What was it like working with Gregg Araki? He directed all 10 episodes.
That was interesting, block shooting the whole season: So day one you’re shooting episodes 10 and 2. I enjoyed it because you get to do all the work beforehand and know exactly what’s happening. I was intimidated to work with Gregg because of his previous work, and he’s an auteur and there’s this aura about him and reputation, if you will. I’ve auditioned for him in the past, and he didn’t seem too keen on me. [Laughs] Even for this, after I auditioned he just stared at me. I don’t think I was what he envisioned, but once he saw my take on the character, he saw that it could work. But, yeah, he’s amazing and the ease with which he works is incredible. He’s laughing all the time, and he’s not serious. He has the edit in his head already, too, so you don’t overshoot anything. Most scenes are two-person scenes, so we would shoot it really quickly.
Who is this show for? Who is the ideal audience?
My mother. She’s going to love it! [Laughs]
Has your mom seen it?
No, but I think she will. It’s not too… I don’t know. I told her to beware. But, I think it’s for millennials. It will strike a chord with them, and I’m not sure an older audience will get it. That’s what is so refreshing about it: It’s surreal, tongue-in-cheek and funny. Stoners will also love it.
You've cultivated a huge fanbase throughout your career, primarily from your five years on MTV's "Awkward." Have those fans been following you to other projects?
I think so, yeah. I actually just posted something on Instagram and 98 percent of [the response] is really awesome. I’ve never really gotten any hate messages. But it’s so funny because of my beard people are telling me I’m aging. They’re overwhelmingly positive and fervent fans. It’s really great.

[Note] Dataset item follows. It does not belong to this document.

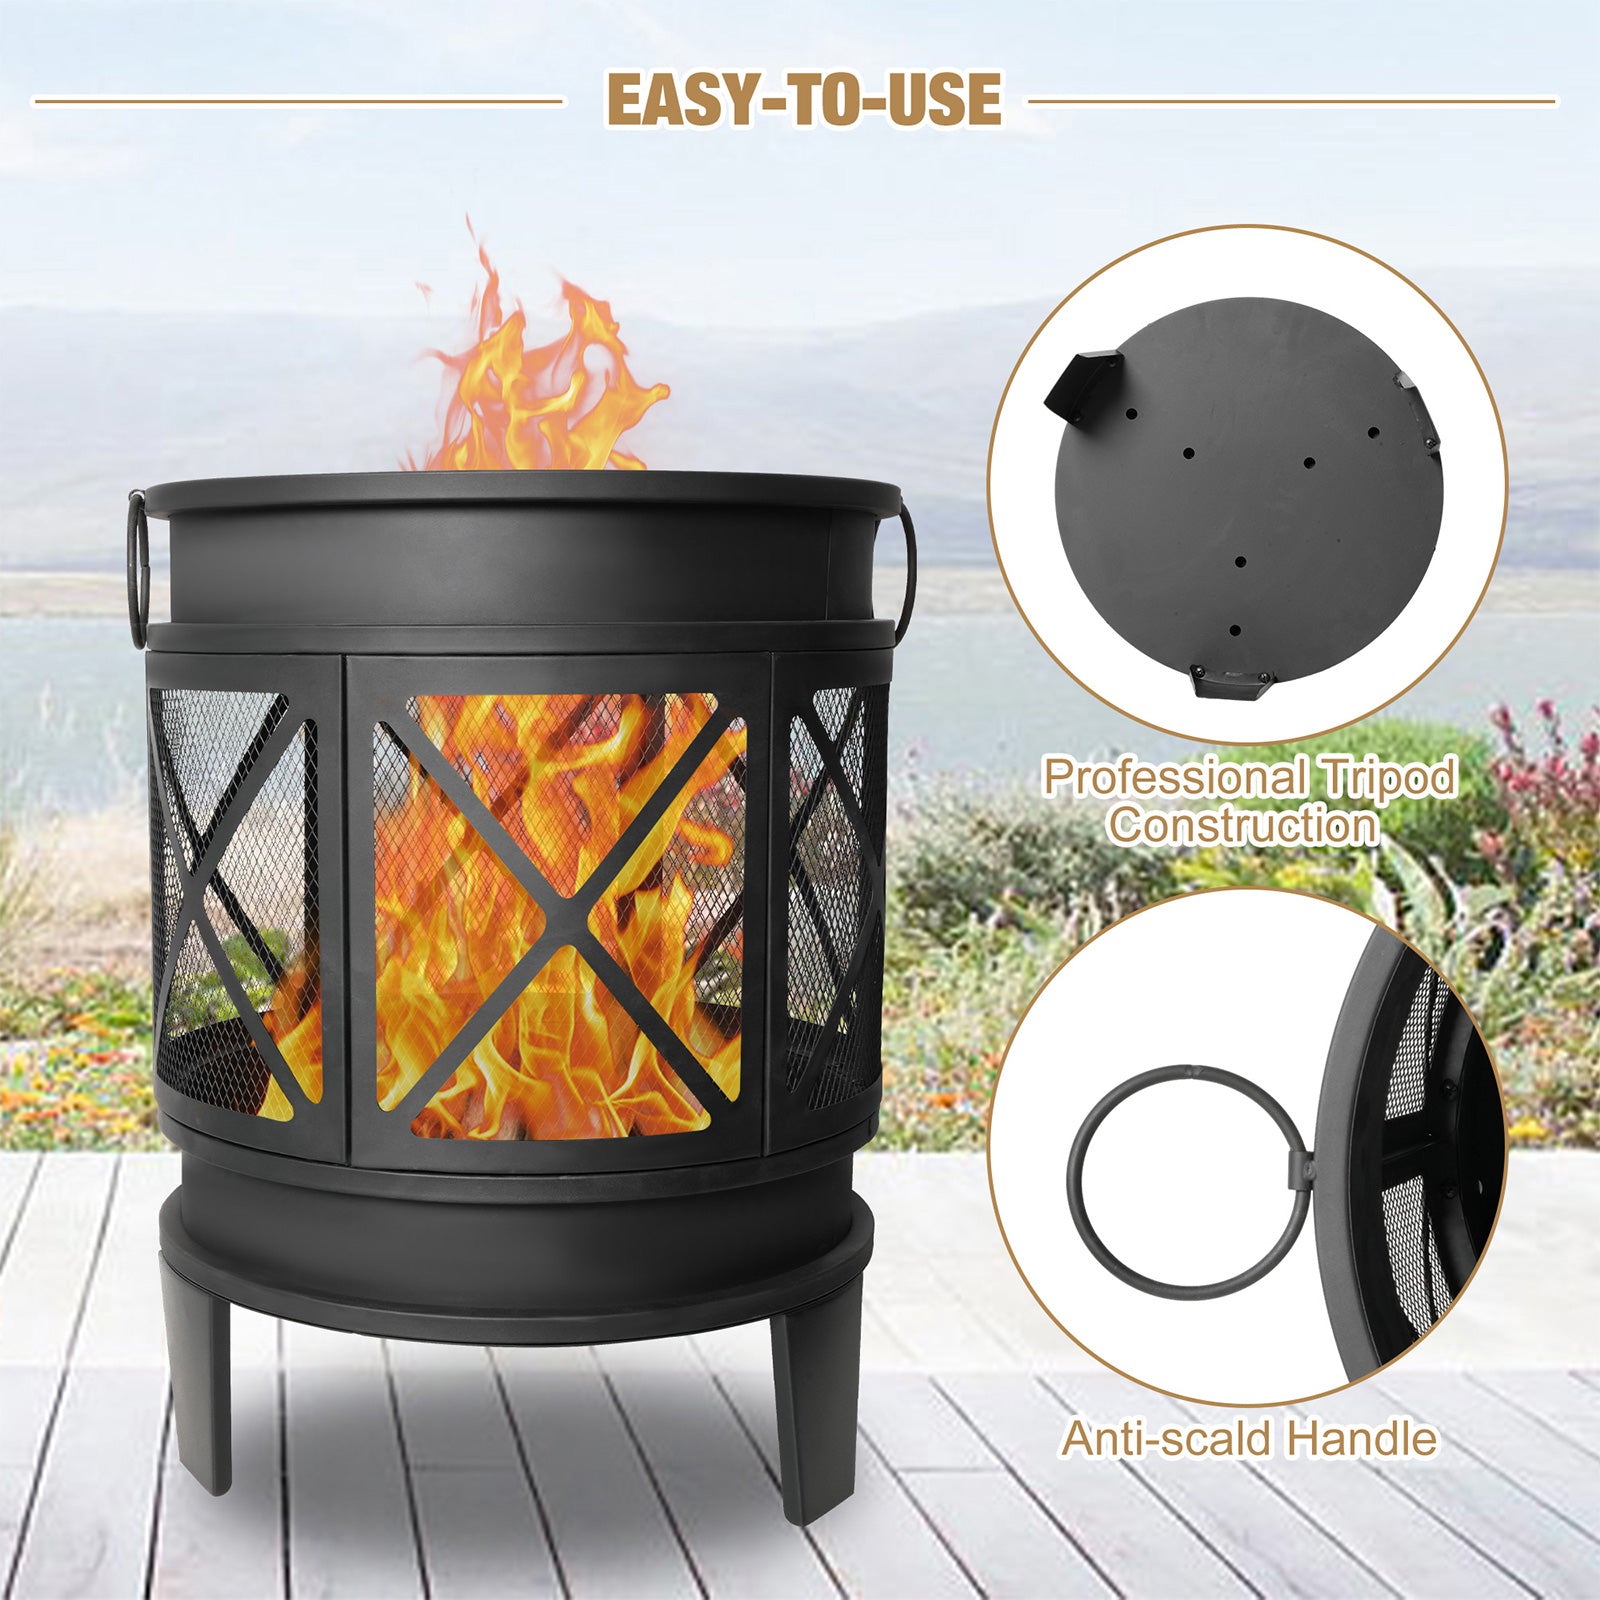 23.2" Barrel Outdoor Wood Burning Fire Pit Patio Fireplace with Spark Screen and Poker

At its core, "Now Apocalypse" is a story about struggling actors and writers in L.A. In what ways do you relate to that theme?
Zero, because I’m at Sundance! [Laughs] No, but you’re constantly searching for a job and getting rejected. I’m an aspiring writer, so I know what that’s like and wanting people to read your stuff and like it and being precious about your work. Anyone trying to climb any sort of ladder can relate to that. You have to be vulnerable.

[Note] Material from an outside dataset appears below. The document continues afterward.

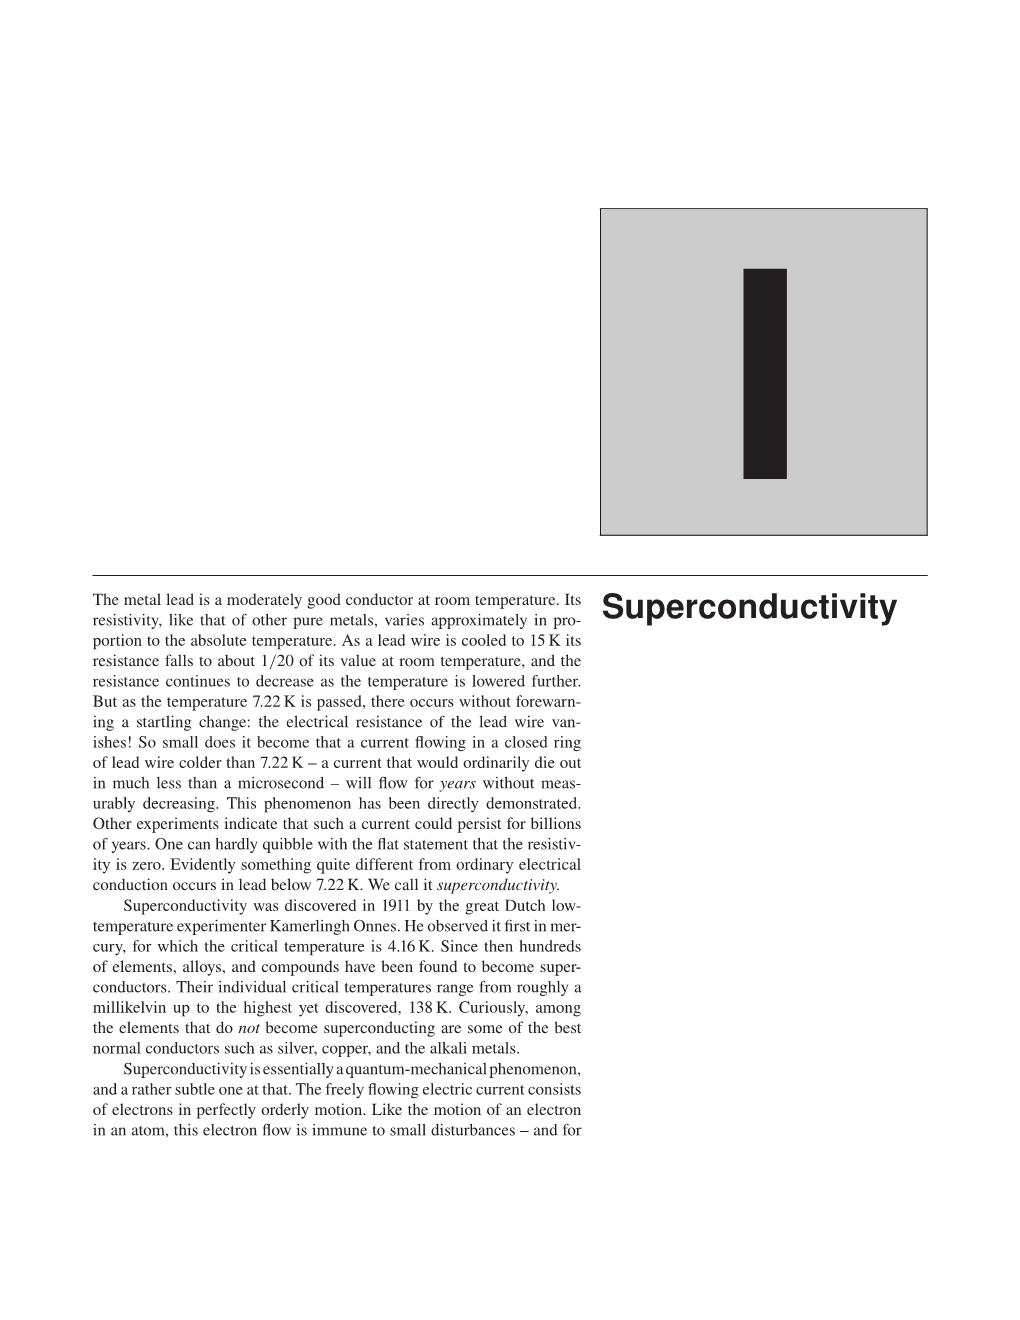 Superconductivity Portion to the Absolute Temperature

Where did you draw from for your character on "Now Apocalypse," Ford?
I played a similar character in a pilot called “Good Fortunes.” I played an idiot. I'm always playing the dumb character, and I love the dumb character. It’s so fun to play. I’m pretty genuine just in life, and that’s the core value of the dumb character. He’s like a puppy.
What attracts you to comedy? You seem to have a lot of fun with it and really throw yourself into comedic projects.
It’s fun, most superficially. It’s a challenge, and I like making people laugh. I also think that it gets really dark in the later episodes for Ford, and it’s not funny. In comedy, you just heighten the reality and play it serious.
This interview has been edited and condensed.